Wyatt, Okay, hold it. If a product is on a reputation based ‘whitelist’ and I use it, how is it going to be hurt by a false positive action which you say would thereby stop it from functioning even though it is actually good? Your post sounds like your mixing what goes onto a whitelist with what gets prevented from running by a whitelist. But my understanding is that if it’s ON a whitelist, then it operates. So if it’s on the whitelist, however the list was generated, whether by reputation (ATT.com) or traceable software dna (digital watermarking), it is allowed to run and does NOT get blocked. I guess I need some clarification what you are trying to say, Wyatt. Thanks, Greg
Greg, sorry if I wasn’t clear.
There are really two issues here.
First the principles of false positives and false negatives work differently with Blacklist and Whitelists.
Recall that the principle of Type 1 (T1) and Type 2 (T2) errors:
T1 or False Positive is classifying something as true when it isn’t.
T2 or False Negative is classifying something as false with it isn’t.
With Blacklists (deny methods) – False Positive is stopping something from running when it is actually good. (good code is denied). With Whitelists (allow methods) – False Positive is allowing something to be run when it is really bad (bad code is allowed)
So yes Greg, what you’re saying is correct:
With blacklists, if it is on the list it is blocked. And with whitelists, if it is on the list it is allowed.
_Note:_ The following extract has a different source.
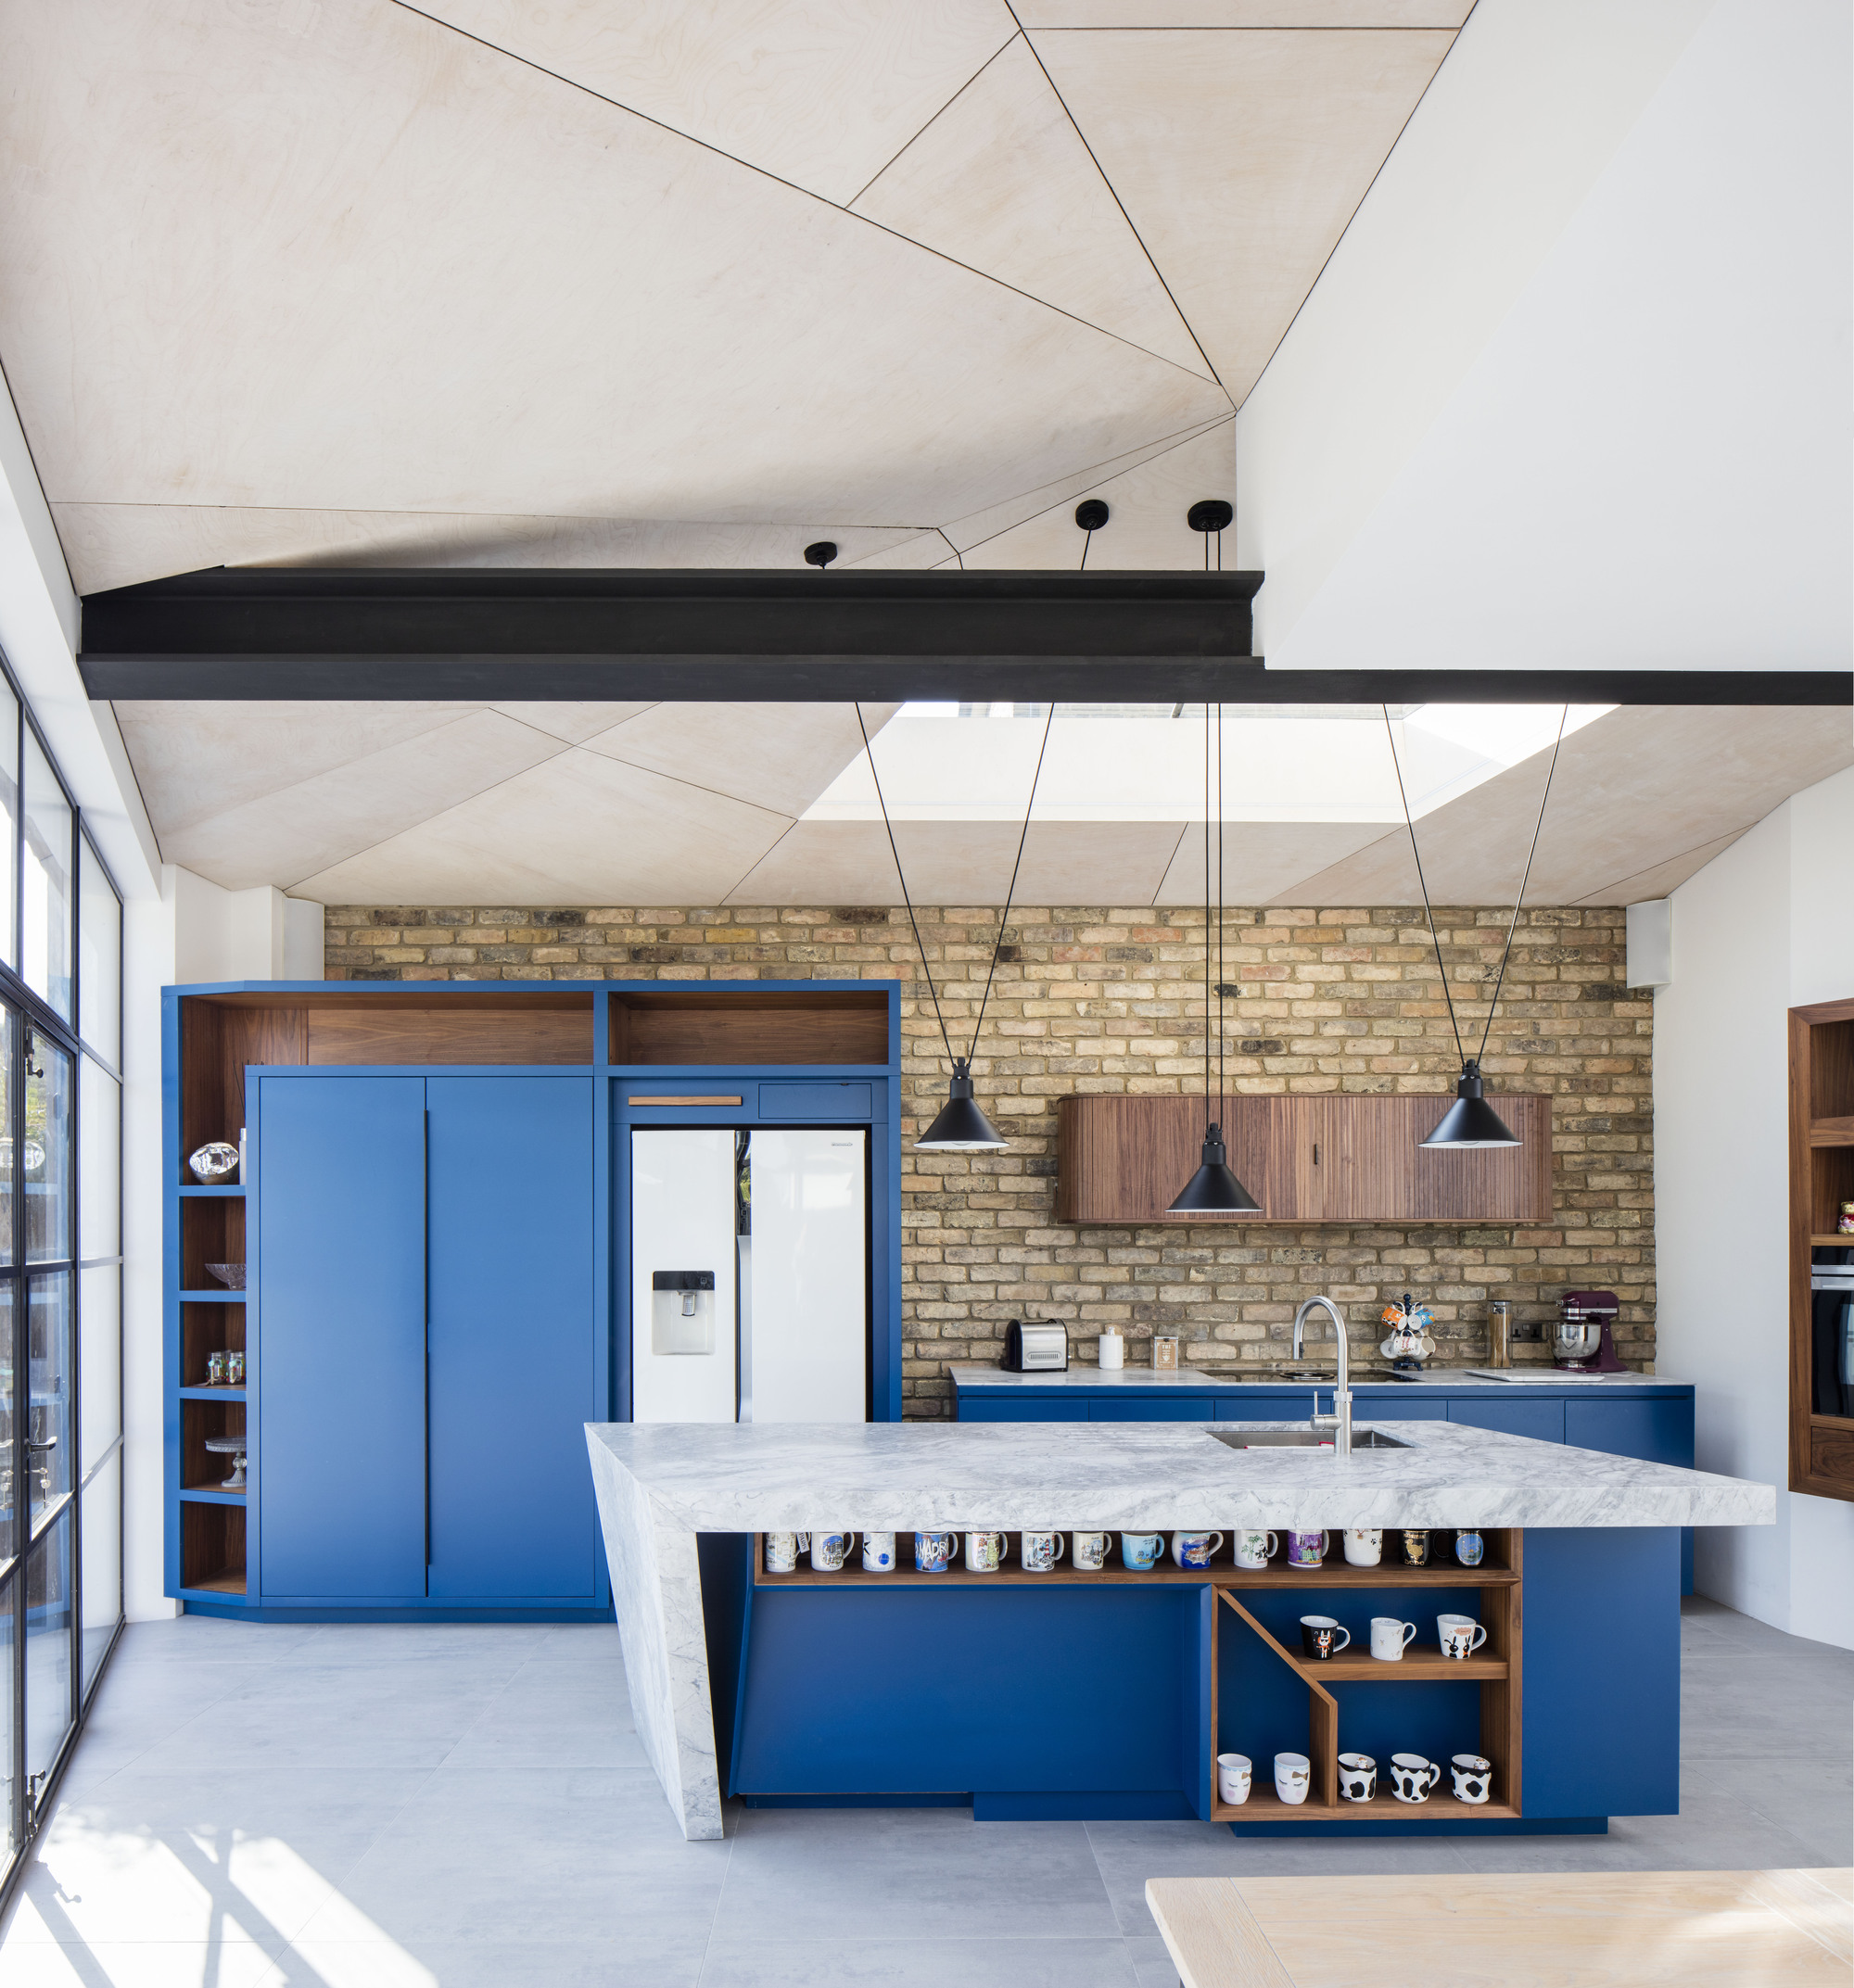 New kitchen of renovated family home in London with brick wall backdrop and blue cabinets

The question in both cases is how is the list created? To what degree am I certain that the item that is on the list belongs there? So list certainty is another critical dimension of both blacklisting and whitelisting. And false positives are bad in both cases.
So if I am a blacklist/deny vendor I want to make sure something good doesn’t get on my list. (the McAfee issue).
And if I am a whitelist/allow vendor I want to make sure something bad doesn’t get on my list.
The question of Reputation vs. Provenance is really the question of HOW one selects WHAT GETS ON the White or allow LIST.
Graylist methods are risky (the promiscuous and indirect gathering of whitelist object in the wild) as it is often ambiguous as to the source and quality of those measurements. Reputational methods can be risky as well, depending on HOW that reputation is established. Often it is based on PREVALENCE, i.e. how frequently have I seen this code.
Provenance-based whitelist creation is based on very direct extraction of the software DNA from sources as close as possible to the source (the author//ISV) and where the chain of custody of that software DNA is carefully protected so that the confidence of true source is as high as possible.
If we don’t have the highest possible quality lists on which to base our allow / deny methods, we are simply adding to our risk and uncertainty. Effective policy decisions (allow/deny) completely depend on good data (both quality and quantity — but the quantity question I’ll reserve for another day).
That was my point. I am sorry if I was not clear. For more on the subject, please read my blog: http://signacert.wordpress.com/2009/06/
Wyatt.
The Whitelist product I used did not allow changed files to run until they were approved. In my case I would allow updates on a couple test PCs, then if there were no issues I would approve those files for the rest of the network. The files were identified by their HASH not just their name. I would perform the same steps for Microsoft Updates as well. You can have the best product in the world, but if you open holes it is worthless.